Relevant provisions to the medical device industry include a commitment that the countries will work to improve their cooperation on inspections of quality management systems. This will entail the recognition of audits that follow the requirements of the Medical Device Single Audit Program and are performed by authorized auditing organizations, regardless of whether the body is based in the U.S., Canada or Mexico.
That change is one of several ways in which USMCA is designed to bring down non-tariff barriers to trade. Other chapters of the trade agreement with that broad goal cover good regulatory practices (GRPs) and medical device reimbursement.
The chapter on GRPs is designed to ensure that high-quality data and scientific evidence underpin all regulations in the U.S., Canada and Mexico. That means regulators must “seek the best, reasonably obtainable information” when developing their positions and be transparent about the sources they use. To ensure the industry understands the regulations and how they were developed, each country must maintain a website containing the relevant information and communicate in plain language.

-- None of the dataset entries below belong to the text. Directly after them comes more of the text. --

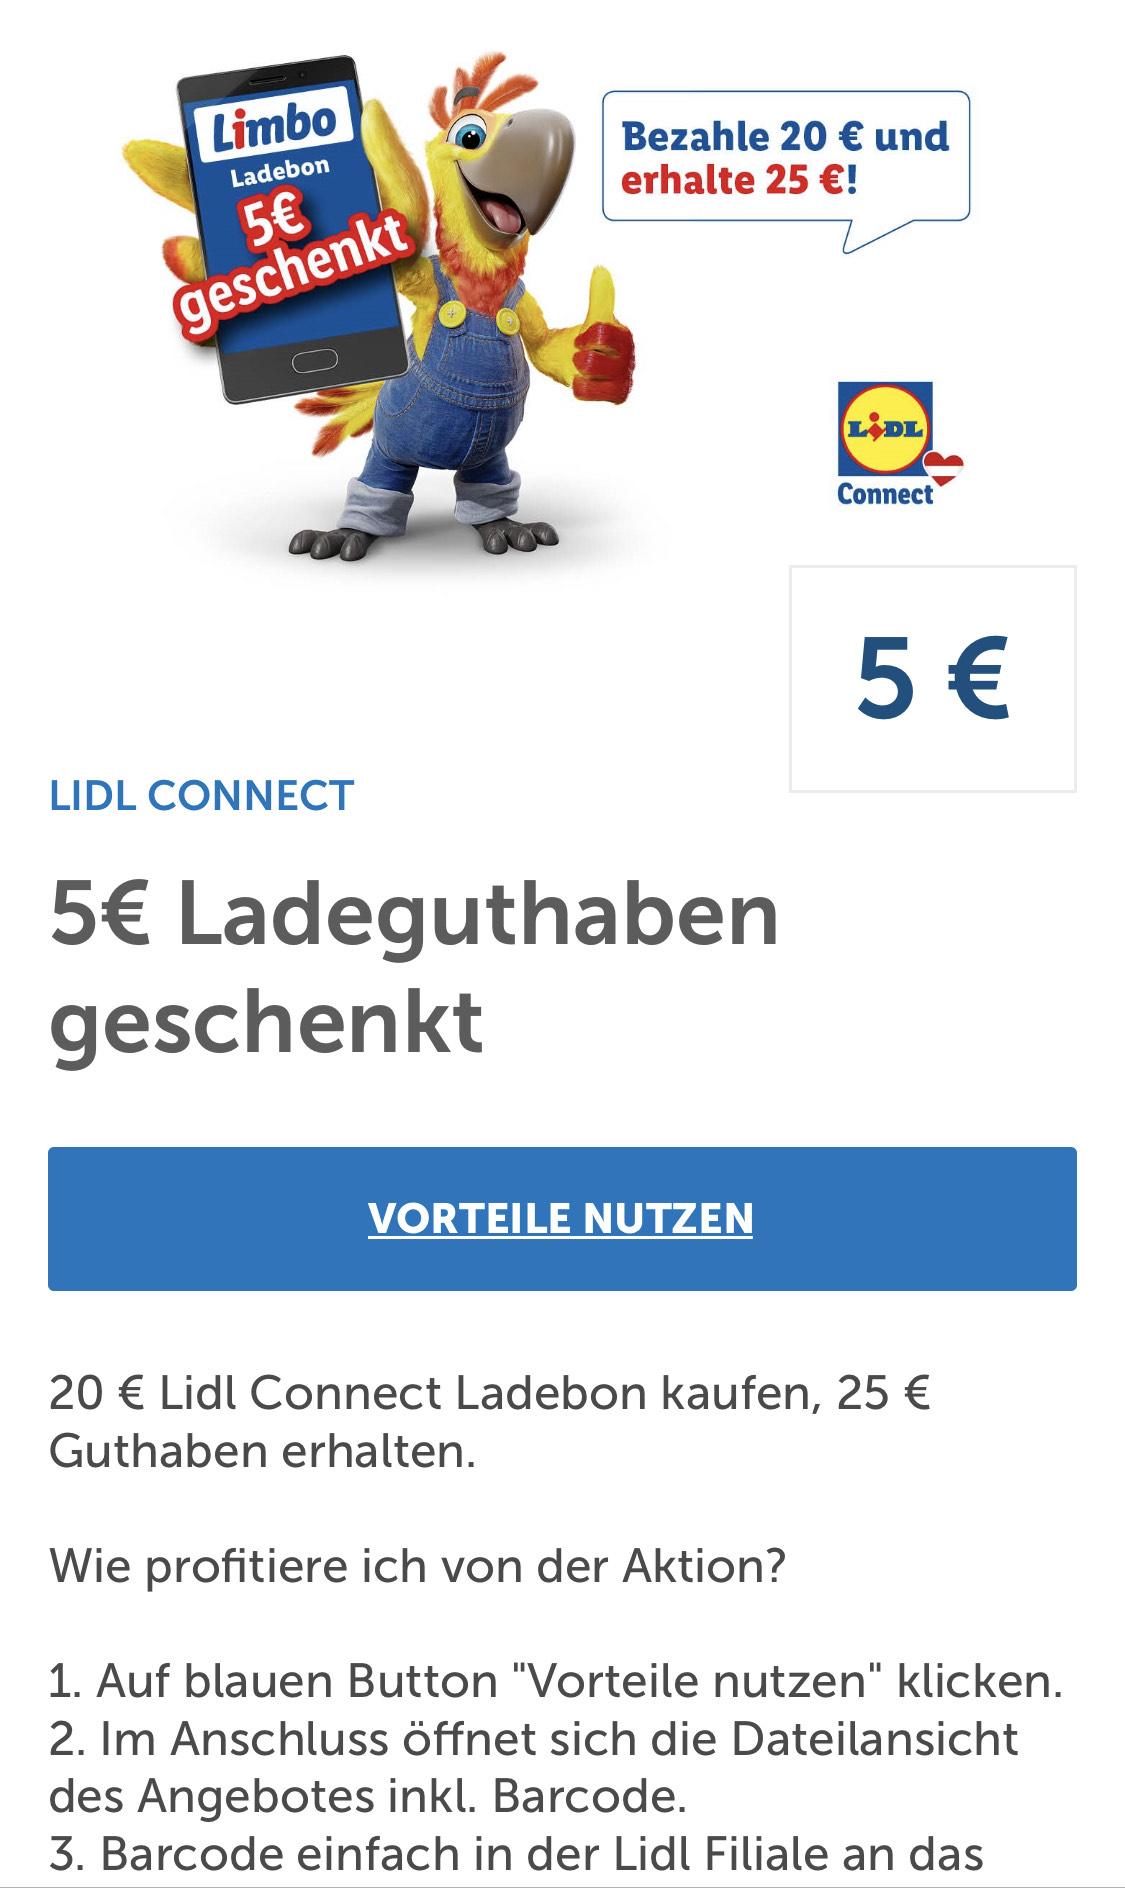 Lidl Connect 25,-€ Ladeguthaben für 20,- €
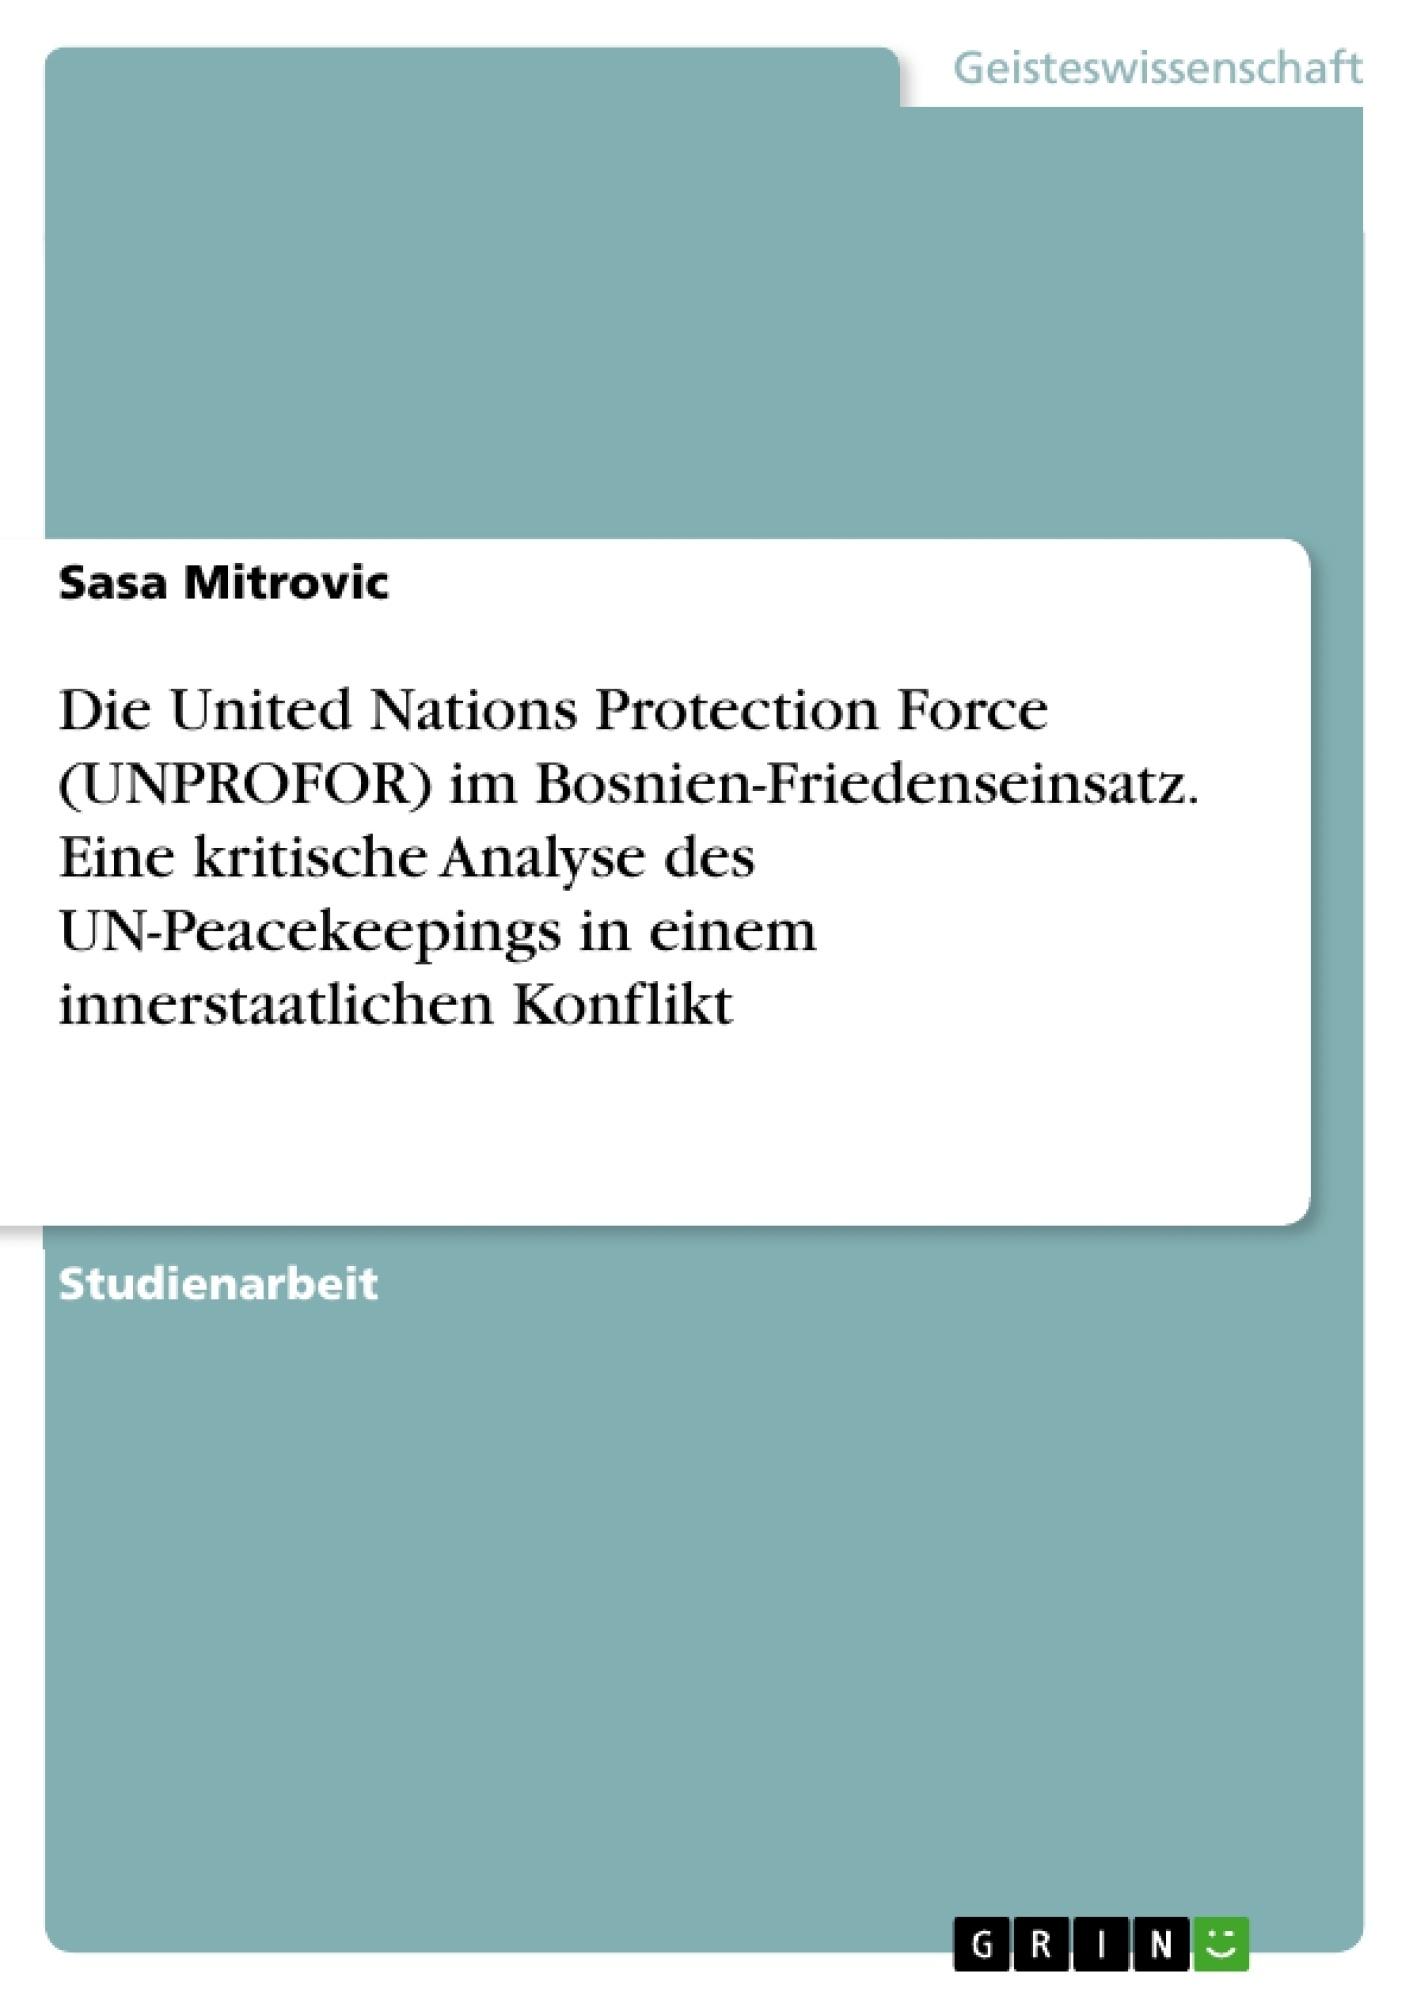 Titel: Die United Nations Protection Force (UNPROFOR) im Bosnien-Friedenseinsatz. Eine kritische Analyse des UN-Peacekeepings in einem innerstaatlichen Konflikt
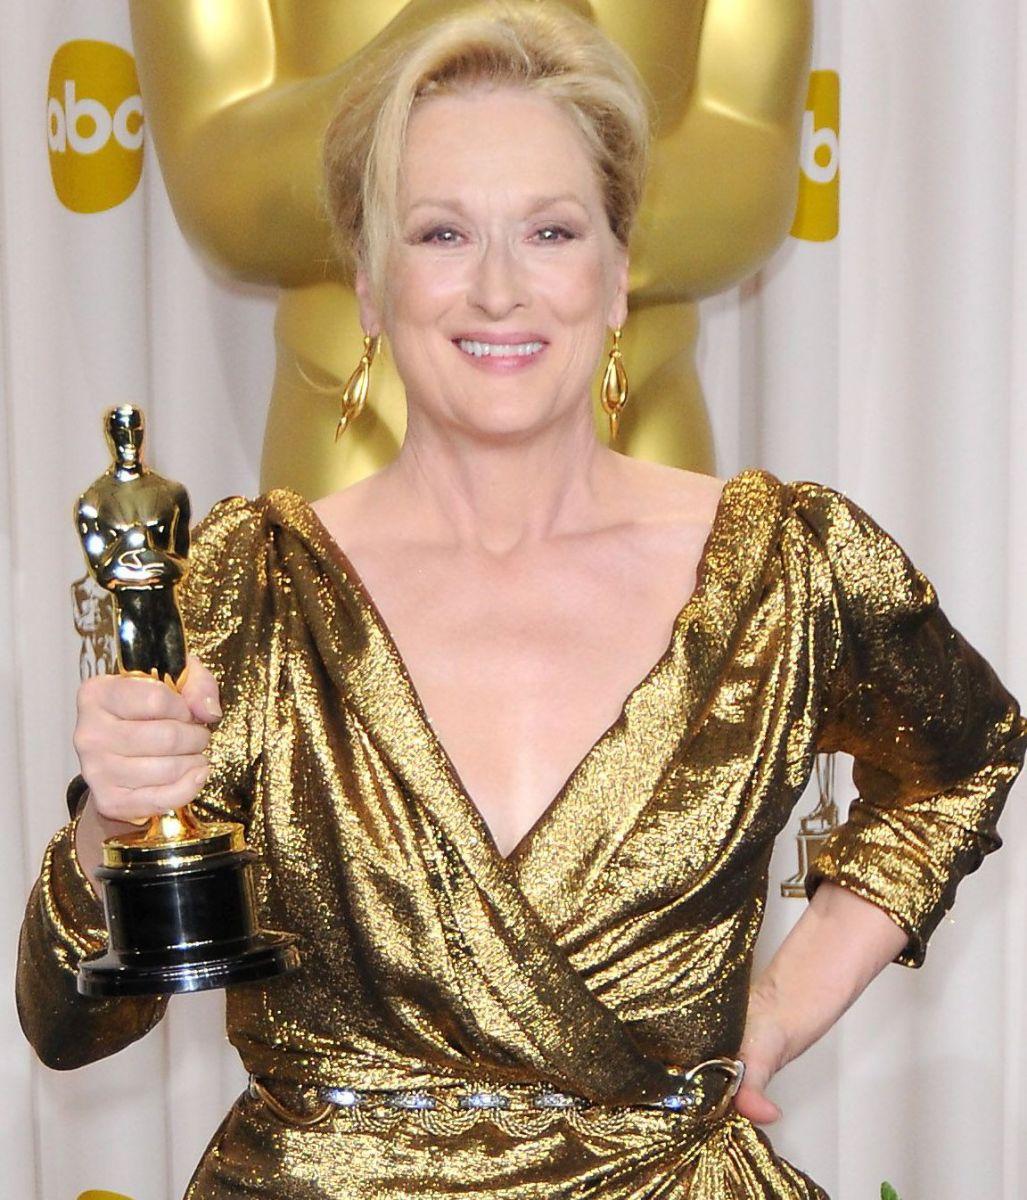 В 2012 году Мэрил Стрип удостоилась третьей награды «Оскар» - за роль в байопике о Маргарет Тетчер «Железная леди».
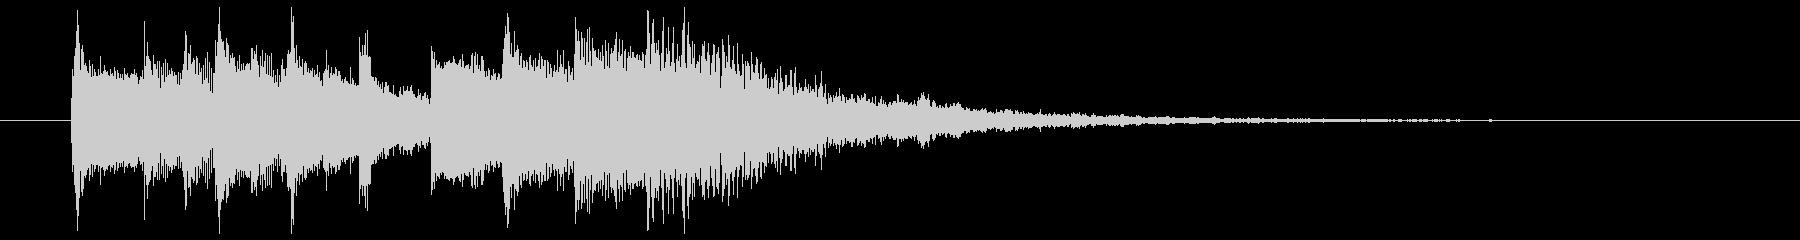 【サウンドロゴ】ベル系シンセ_04の未再生の波形
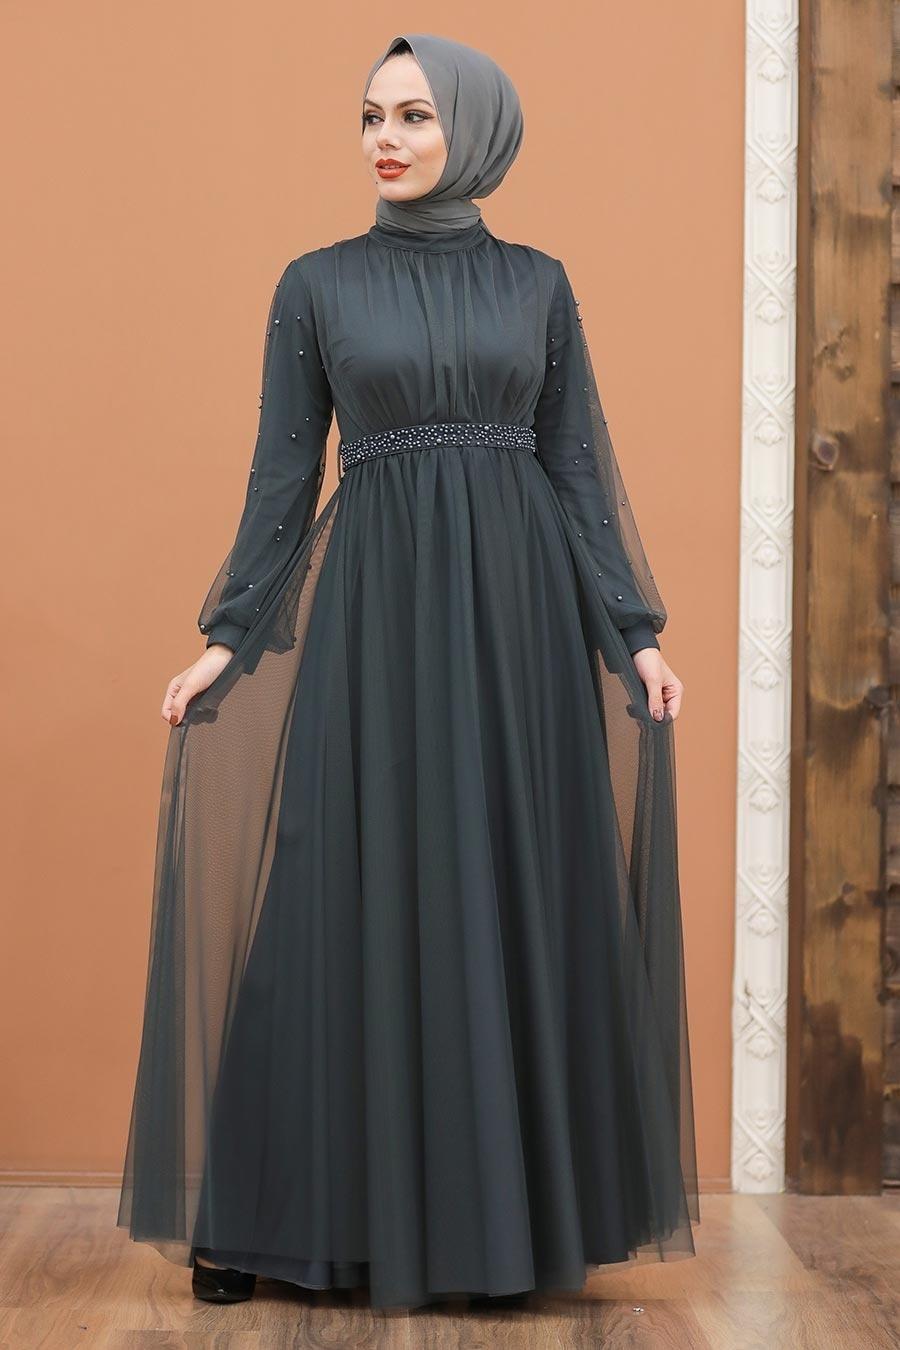 Tesettürlü Abiye Elbise - İnci Detaylı Füme Tesettür Abiye Elbise 5514FU

That focus on transparency carries through to the section on medical device reimbursement, which indicates that when a national body makes a reimbursement decision, it should do so within a reasonable amount of time and while following publicly-available rules. The deal states applicants should have the chance to comment during the decision process and appeal the ruling.
Other important changes include the creation of a harmonized definition of medical devices and the inclusion of a chapter on technical barriers to trade. AdvaMed contends these provisions will work hand in hand with the changes to GRPs and reimbursement to make it easier for U.S. exporters to access the Canadian and Mexican markets.
While these changes could have positive effects on the volume of trade between the countries, there may be less scope for growth than there was when NAFTA was implemented in 1994. Following the passage of that tariff-busting deal, U.S. manufacturers became increasingly reliant on plants in Mexico for parts used in the assembly of medical devices. By 2016, the trade in medical equipment between the three countries had grown to $16.5 billion, a 760% increase over the pre-NAFTA level, according to Medical Product Outsourcing.
The signing of the deal by the leaders of the U.S., Canada and Mexico moves the agreement a step closer to approval, but other politicians in each of the countries still need to formally back the text. AdvaMed is urging the U.S. Congress and the governments of Canada and Mexico to approve USMCA as quickly as possible.
However, with Democrats now controlling the House of Representatives, it is possible the deal may get held up in Congress, both because of an unwillingness to help President Trump and a belief that the deal has flaws.
Sen. Sherrod Brown, D-Ohio, is among the lawmakers who think the shortcomings of the deal warrant actions to slow its progress toward ratification.
"The president needs to talk to Congress on this, and we can go back to the table with the Mexicans and the Canadians and do stronger labor standards," Brown told CNN. "This doesn't live up to the promise the president said, that it would be a renegotiated NAFTA, helping workers and stopping outsourcing, because it doesn't do that yet. I'm hoping that it will."
Even if Congress and its counterparts in Canada and Mexico wave through the deal, it will still likely be months before medical device companies benefit from the agreement. Most of the provisions set are expected to come into force in 2020.